= Othmar Weldon =

Brother Othmar Weldon MBE (20 Sept 1920 – 2 June 2008) was the religious name of William George Weldon, an Australian Marist Brother who was from 1964 to 1972 the provincial head of the Marist order in Sydney. He had a prominent role in the expansion of Catholic education in eastern Australia and the Solomon Islands in the 1960s and 70s.

==Early life and teaching career==
Weldon was born on September 29, 1920, to Myrtle and Stephen Weldon in Yackandandah in the north-eastern area of Victoria. He was educated by the Our Lady of Sion Sisters at Box Hill and then by the Marist Brothers at St Patrick’s College, Sale. He began his novitiate in 1939.

He was on staff at the Marist Brothers school in Lidcombe and then at St Joseph's College, Hunters Hill from 1941 to 1951. He was headmaster at Joeys from 1955 till the end of 1961 having earlier been headmaster at Marist Brothers Kogarah from 1952 to 1954. From 1962 to 1964 he was Headmaster at the Marist College Ashgrove.

As Headmaster at Joeys, Brother Othmar effected a substantial building program still at a time before there was government funding for Catholic schools. Apart from the Chapel in 1939, there had been no construction of new classrooms, laboratories, dormitories or any essential building since the main college building had been completed in 1894. His major works as Headmaster were an olympic pool in the college grounds and the Pius X Building, a substantial complex of classrooms, laboratories, workshop rooms and squash courts, blessed by Cardinal Gilroy and opened by the Rt Hon.Robert Menzies on 16 July 1961. He also initiated the early planning of the college’s response to the Wyndham Scheme, resulting in new residential blocks for the two senior years, completed under Br Elias in 1967.
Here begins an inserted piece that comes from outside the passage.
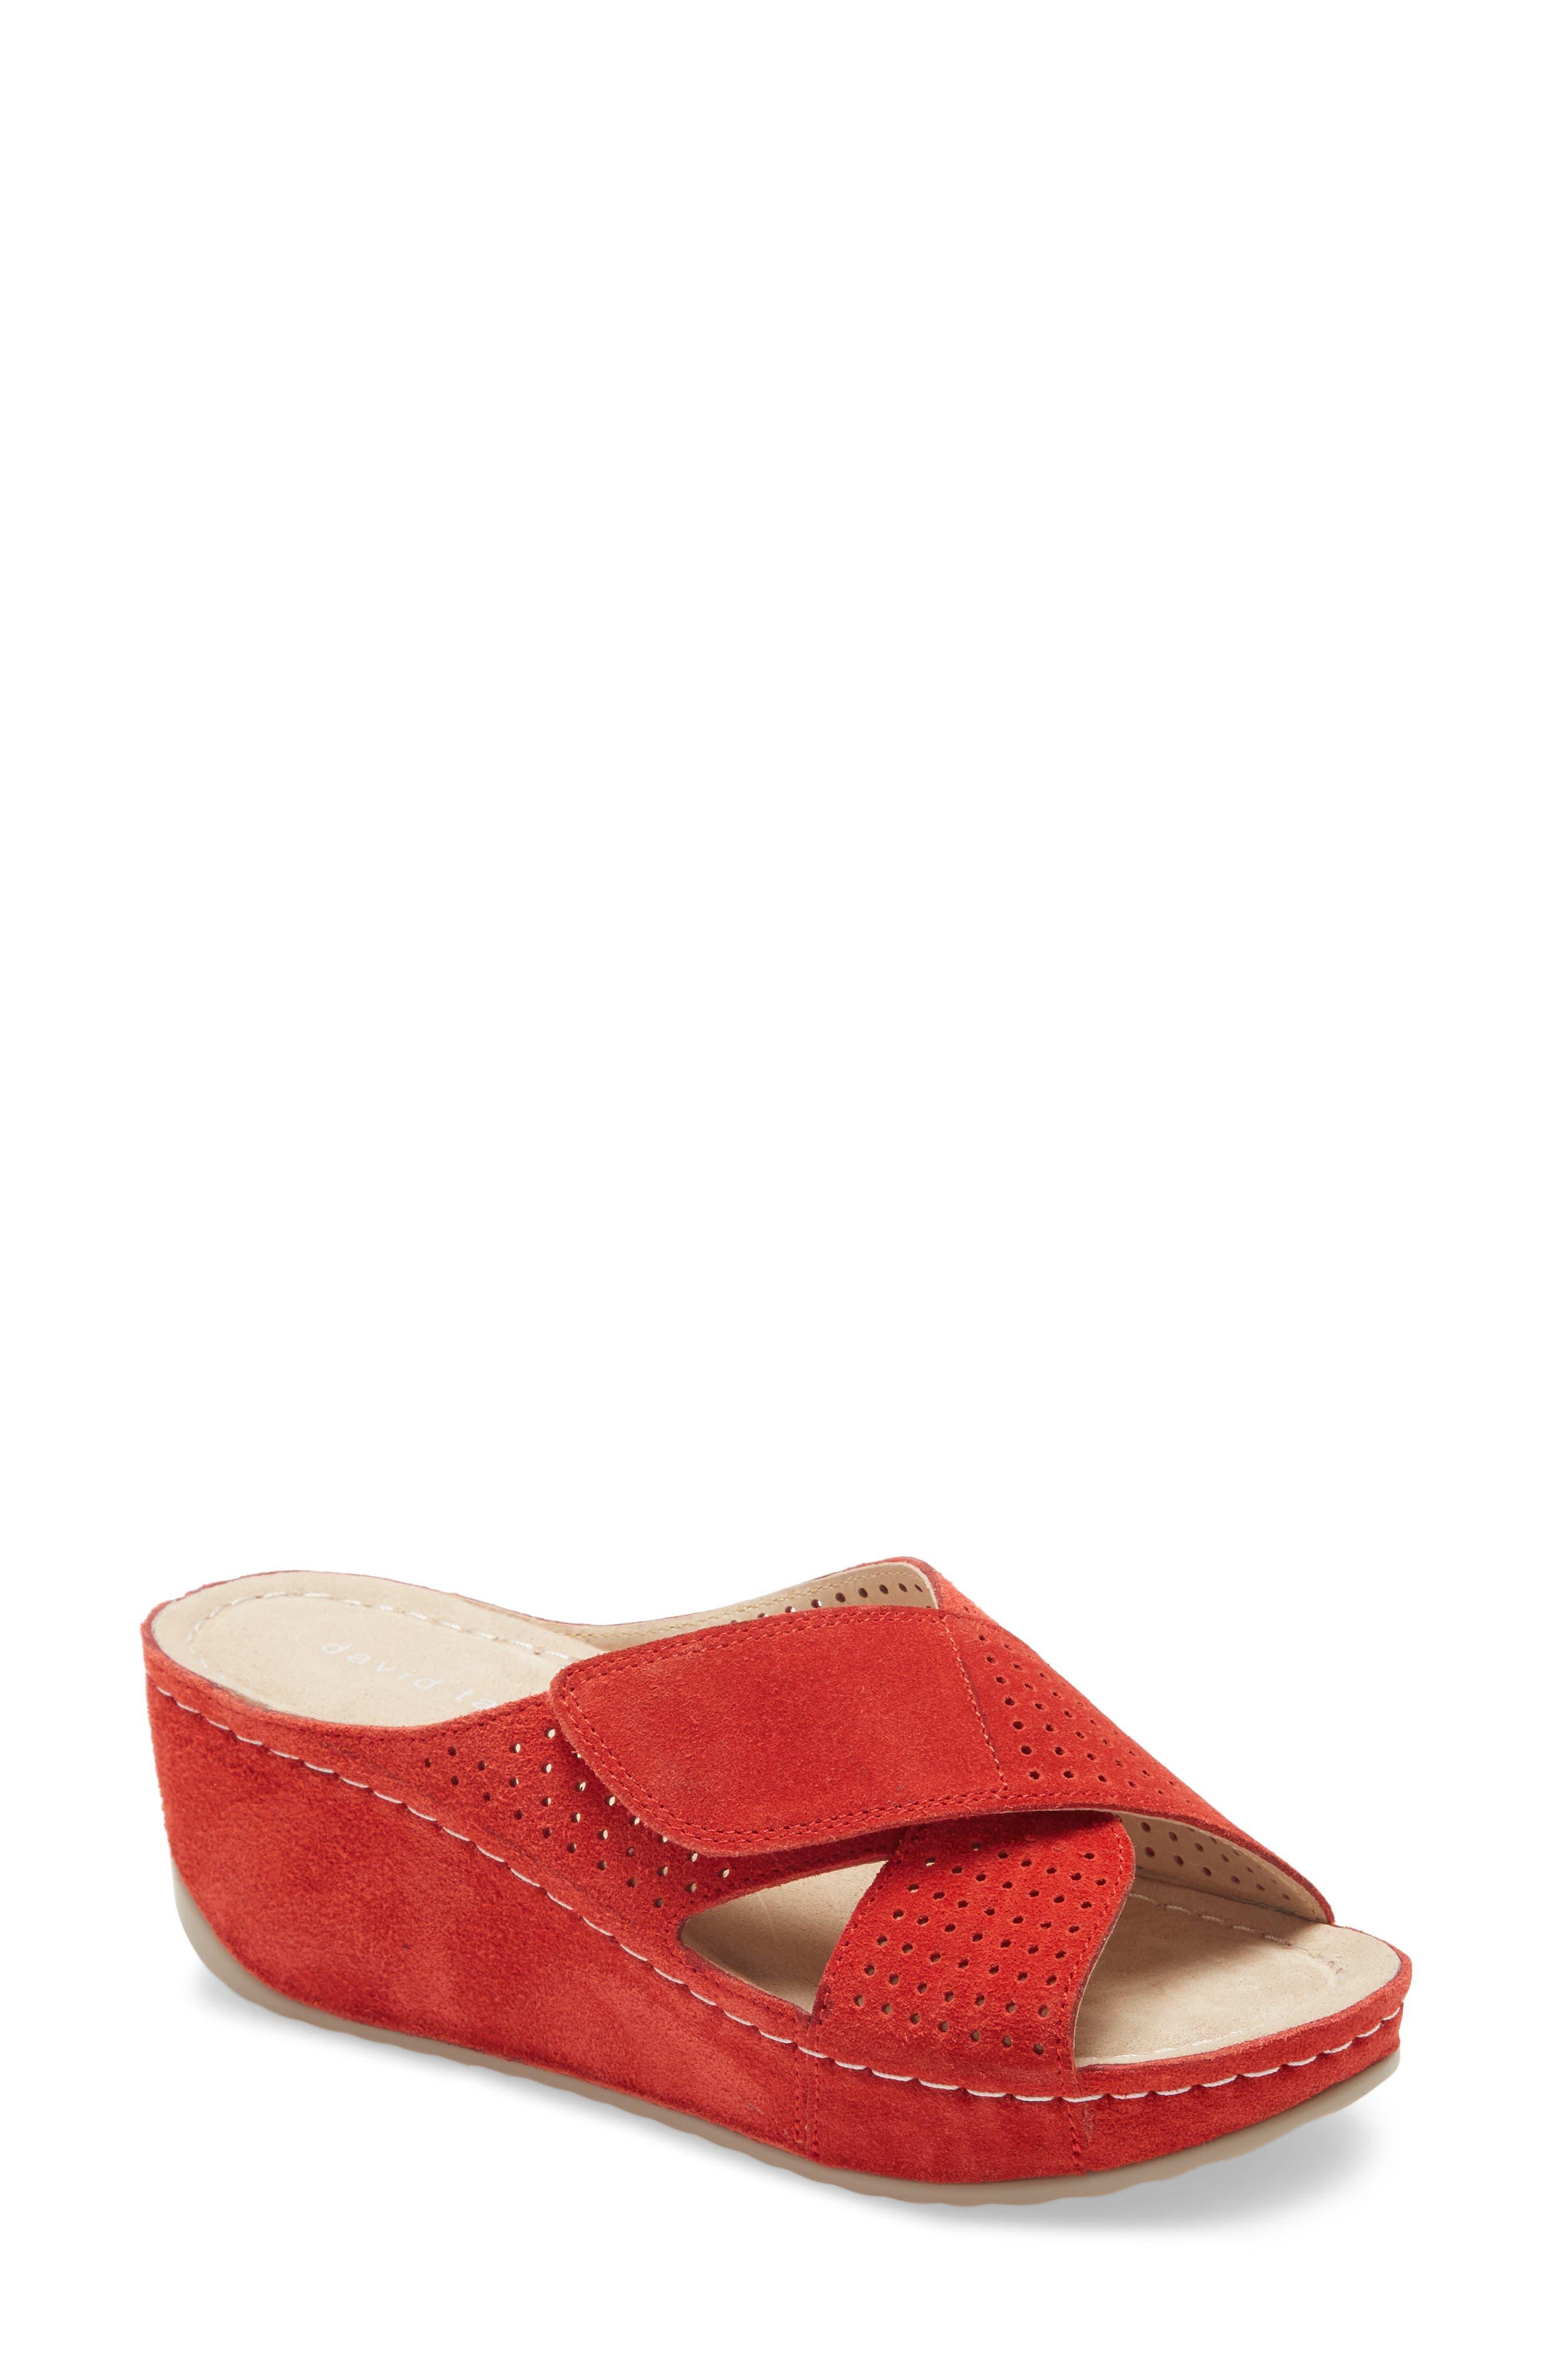 Iconic Wedge Sandal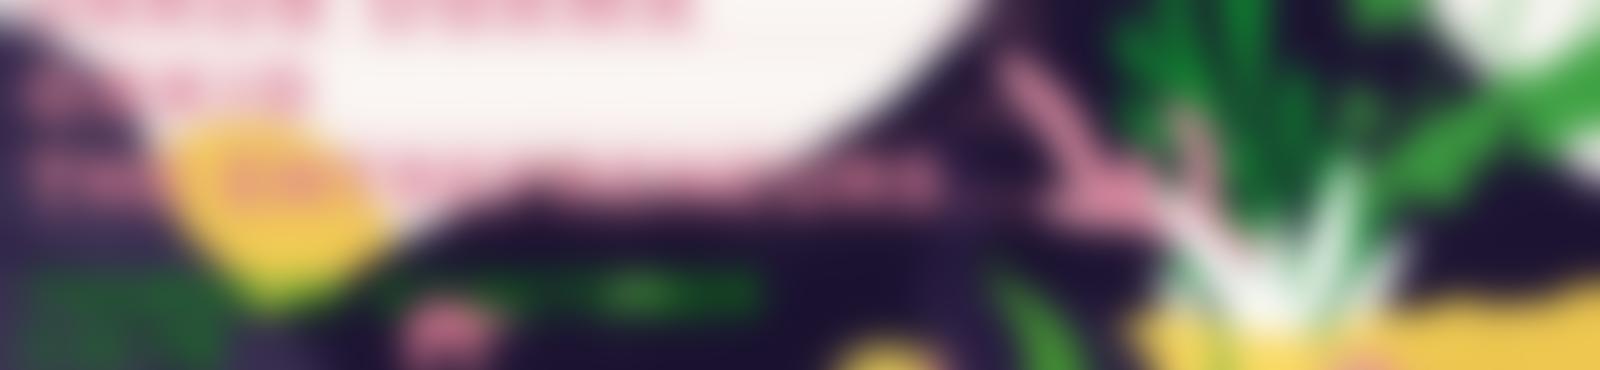 Blurred a2d238e3 4464 4fbc 8373 51cf64d83762

During the opening of the Pius X Building, Prime Minister Menzies expressed a wish to return to the college to talk further with Brother Othmar. He came one evening some weeks later. After a further tour, they talked at length in the new chemistry laboratory, Brother Othmar standing at the demonstration bench and Prime Minister Menzies sitting at one of the student desks. Menzies sought Othmar's views on how the Federal Government could assist private schools within the framework of the Australian Constitution. Partly from that discussion, the Federal Government School Building Assistance Program was developed, a landmark change in education funding. The program was implemented through the States Grants (Science Laboratories and Technical Training) Act 1964. This proved to be the first of many programs of federal support for independent schools.

==Provincial and education leadership ==
In 1964 he was appointed Provincial of the Sydney Province of the Marist Brothers. He was to serve in this position for eight years, dealing with the changes in the Church following the Second Vatican Council and a General Chapter of the Marist Brothers. As Provincial, Othmar took decisions leading to school openings in Grafton (1965), Gladstone (1965), Canberra (1968), Enoggera (1970), Kolombangara (Western Solomons) (1971), Rokera (Solomon Islands) (1971) and the Pacific Novitiate in Lomeri in Fiji (1971). Many other schools were refurbished and expanded.

His educational leadership was recognised by Cardinal Gilroy with an appointment to the Catholic Building and Finance Commission in the late 1960s. In the early days of government funding and the development of the system of parish and regional schools, it was the body responsible for the significant expansion of Catholic education in Sydney.

==Later life==
In 1988, Brother Othmar returned to South Africa as vocations recruiter. After eight years, which spanned both the apartheid era and some of the Mandela years, he returned to Daceyville, where he took up part-time duties with the Catholic Education Office Eastern Region.

In 1999 he celebrated his Diamond Jubilee with a function attended by former Prime Minister Gough Whitlam and a number of other former ministers, both state and federal.

In 2006, he moved to Randwick to become part of the Marcellin House Community. He died on 2 June 2008 after a short stay at St Vincent’s Hospital.